- _SOURCE MATERIAL_
BEGIN

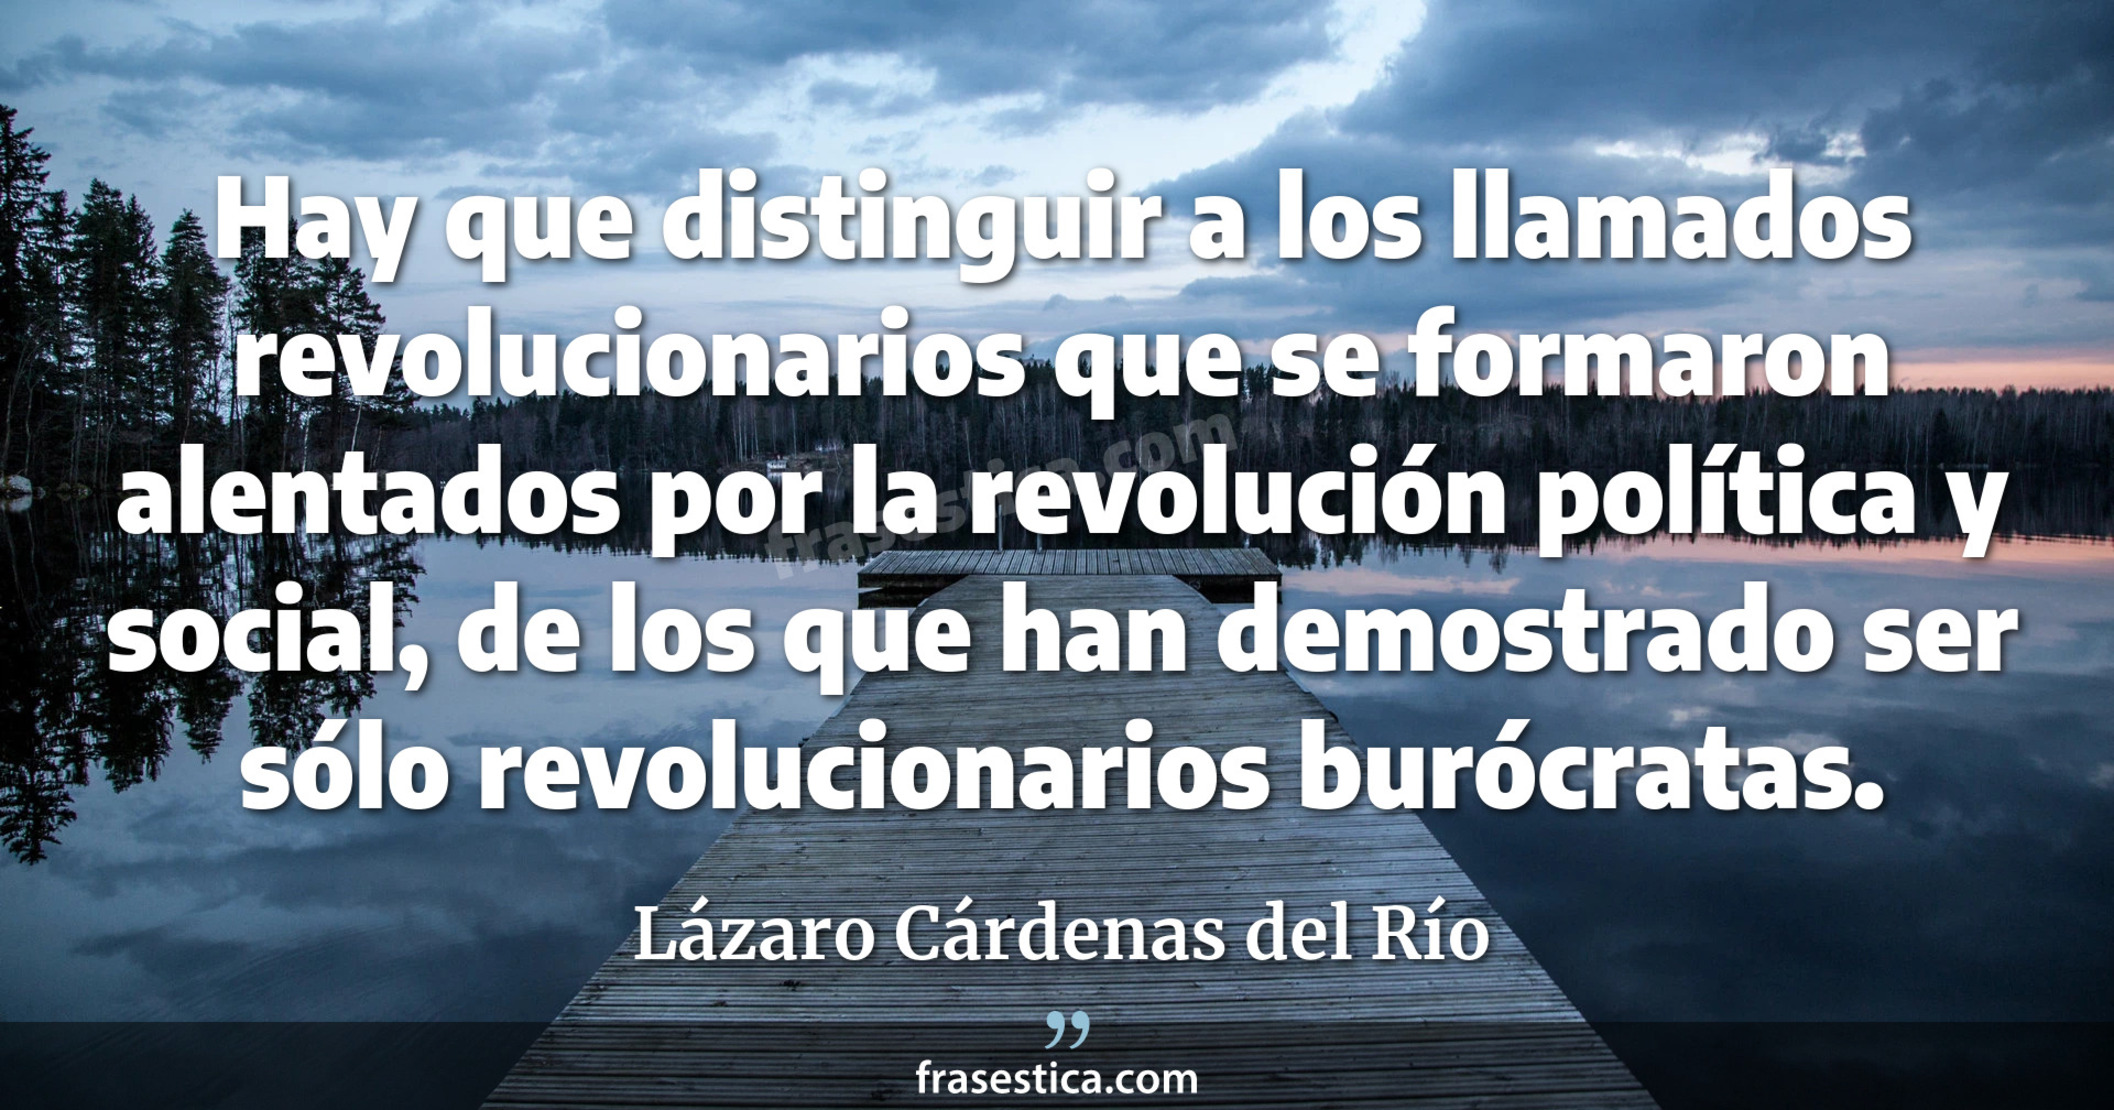 Hay que distinguir a los llamados revolucionarios que se formaron alentados por la revolución política y social, de los que han demostrado ser sólo revolucionarios burócratas. - Lázaro Cárdenas del Río
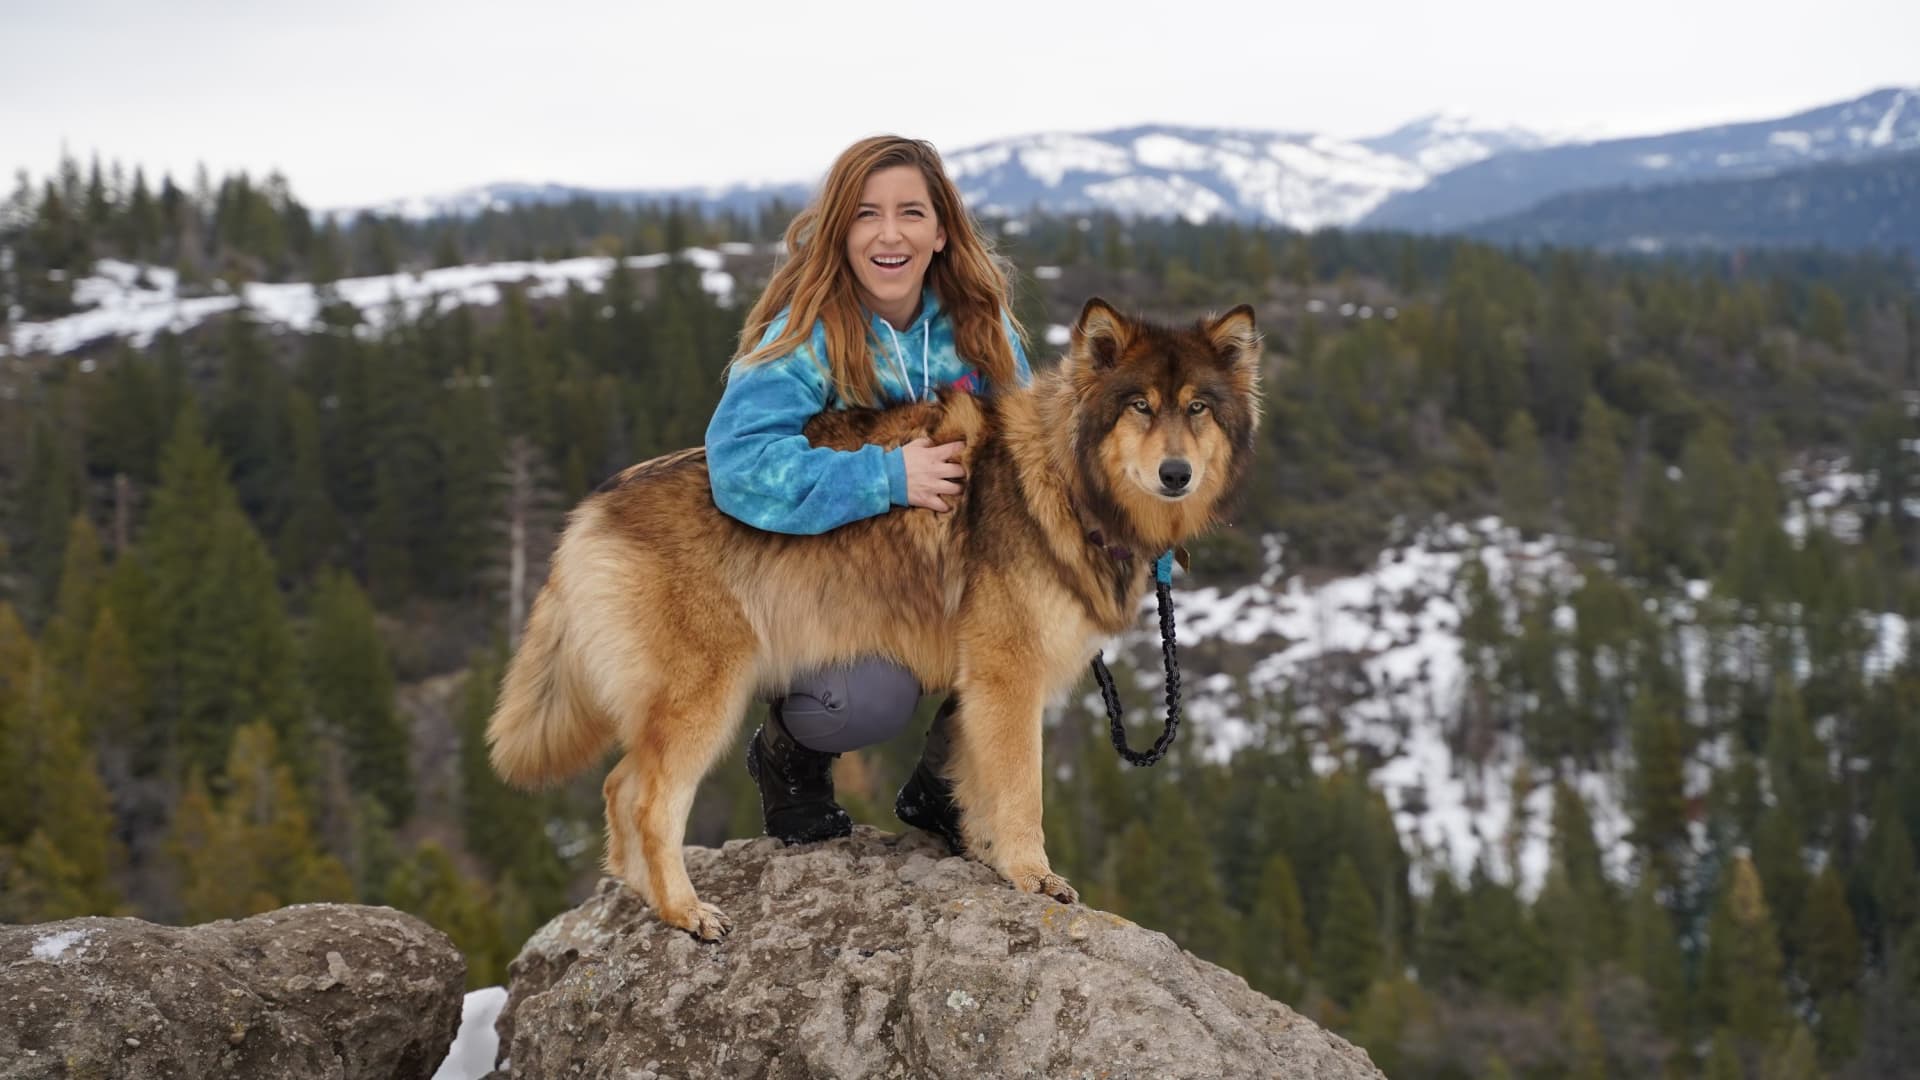 Courtney Udvar-Hazy with Phoenix, a genetic replica of her dog, Willow.
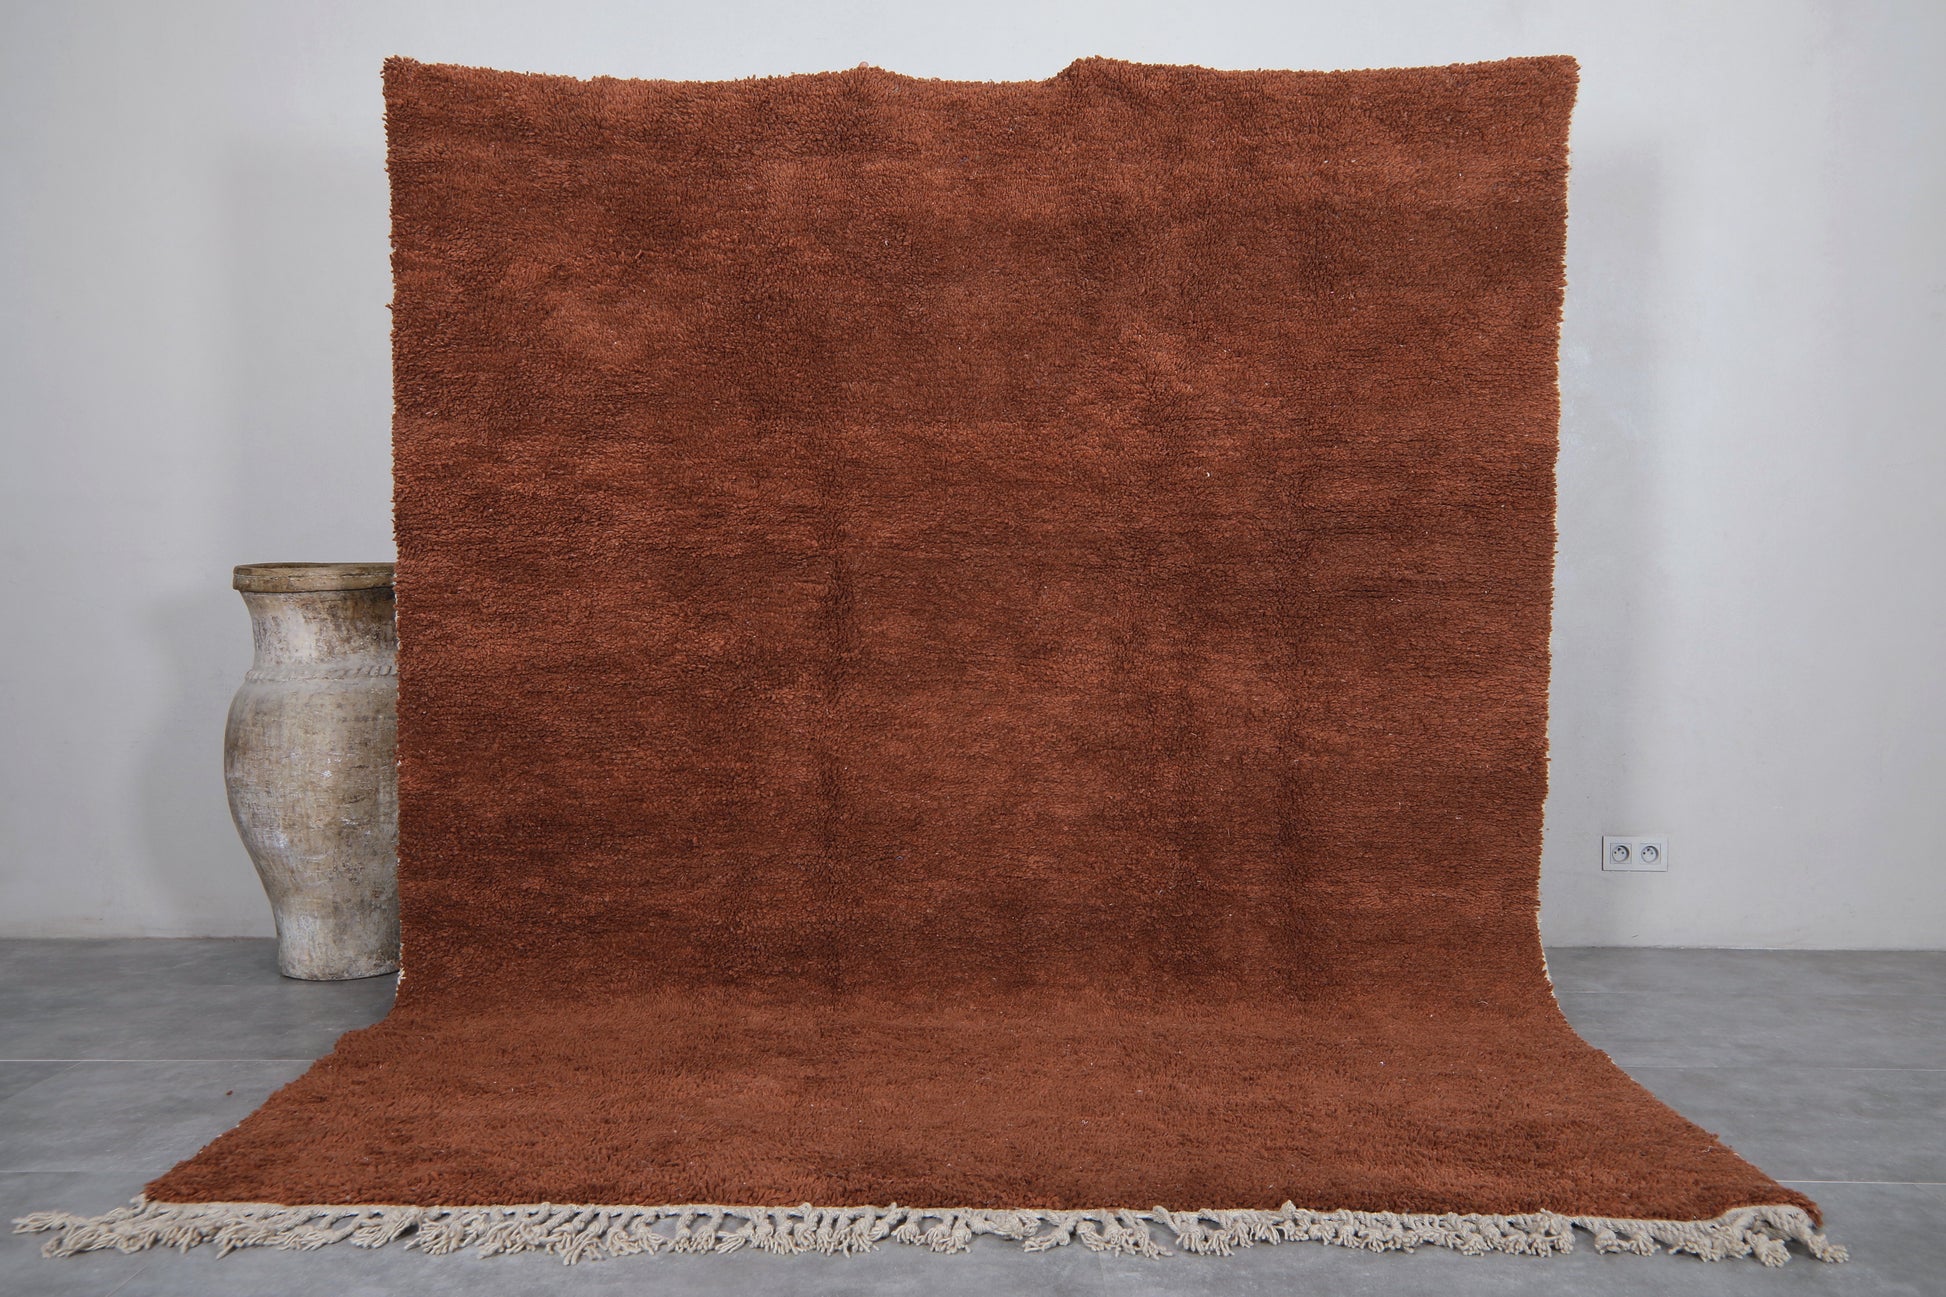 Moroccan rug 7.6 X 9.6 Feet - Beni ourain rugs
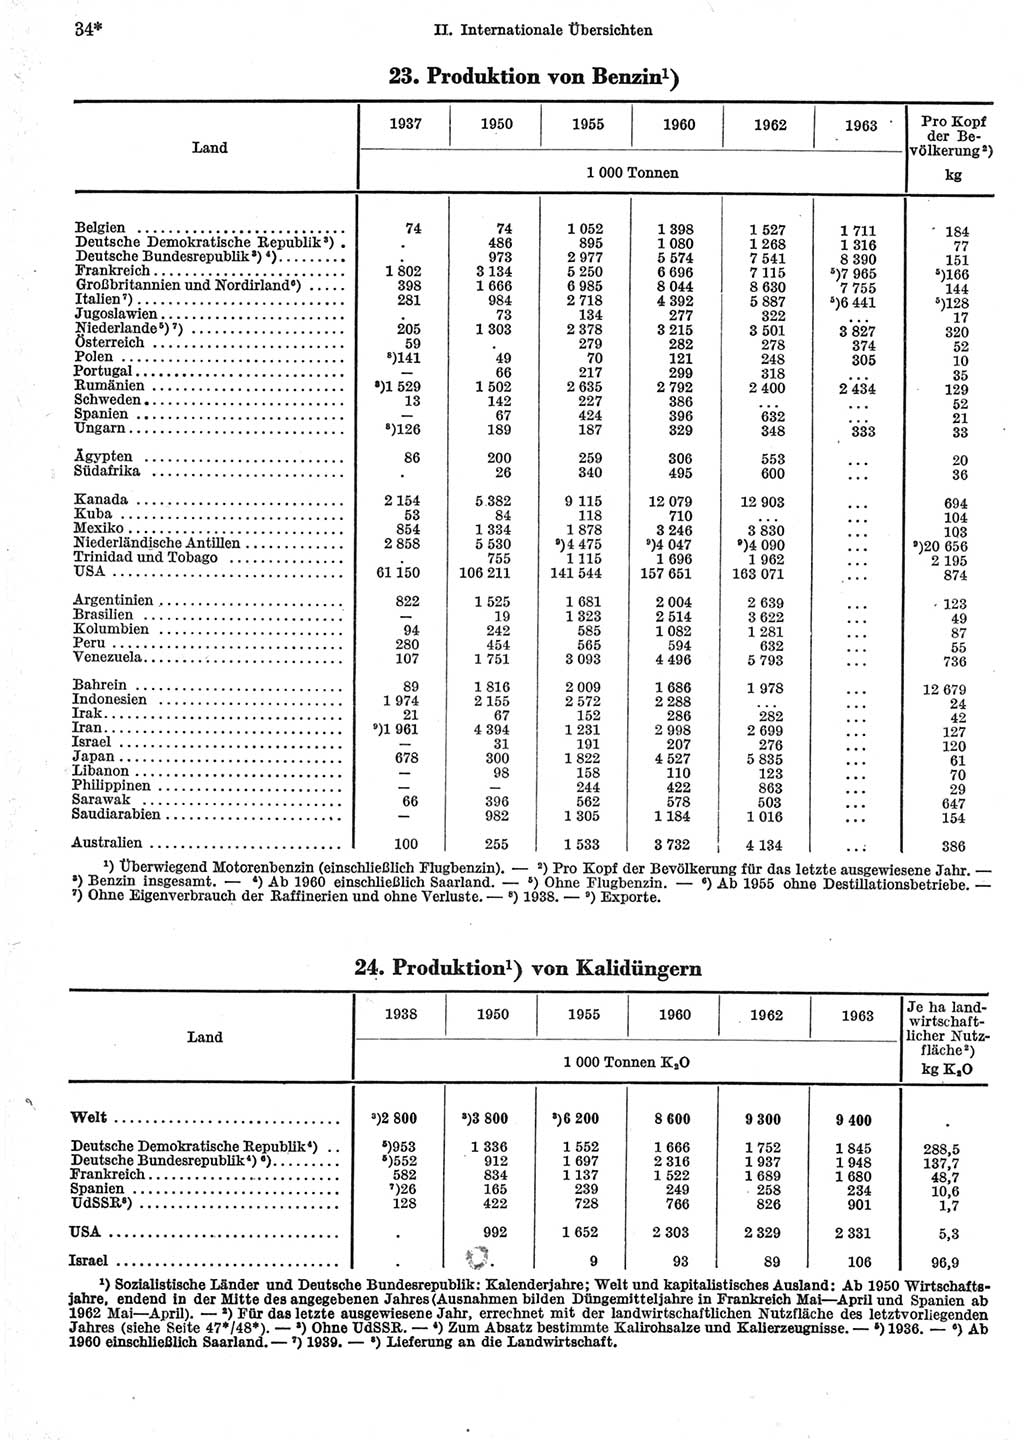 Statistisches Jahrbuch der Deutschen Demokratischen Republik (DDR) 1965, Seite 34 (Stat. Jb. DDR 1965, S. 34)

END

- _WHAT THE EXERCISE ASKS_
Your copy should match the data above exactly, apart from the pictures.

- _REPLY TO THE EXERCISE_
 Hay que distinguir a los llamados revolucionarios que se formaron alentados por la revolución política y social, de los que han demostrado ser sólo revolucionarios burócratas. - Lázaro Cárdenas del Río
 Courtney Udvar-Hazy with Phoenix, a genetic replica of her dog, Willow.
 Moroccan rug 7.6 X 9.6 Feet - Beni ourain rugs
 Statistisches Jahrbuch der Deutschen Demokratischen Republik (DDR) 1965, Seite 34 (Stat. Jb. DDR 1965, S. 34)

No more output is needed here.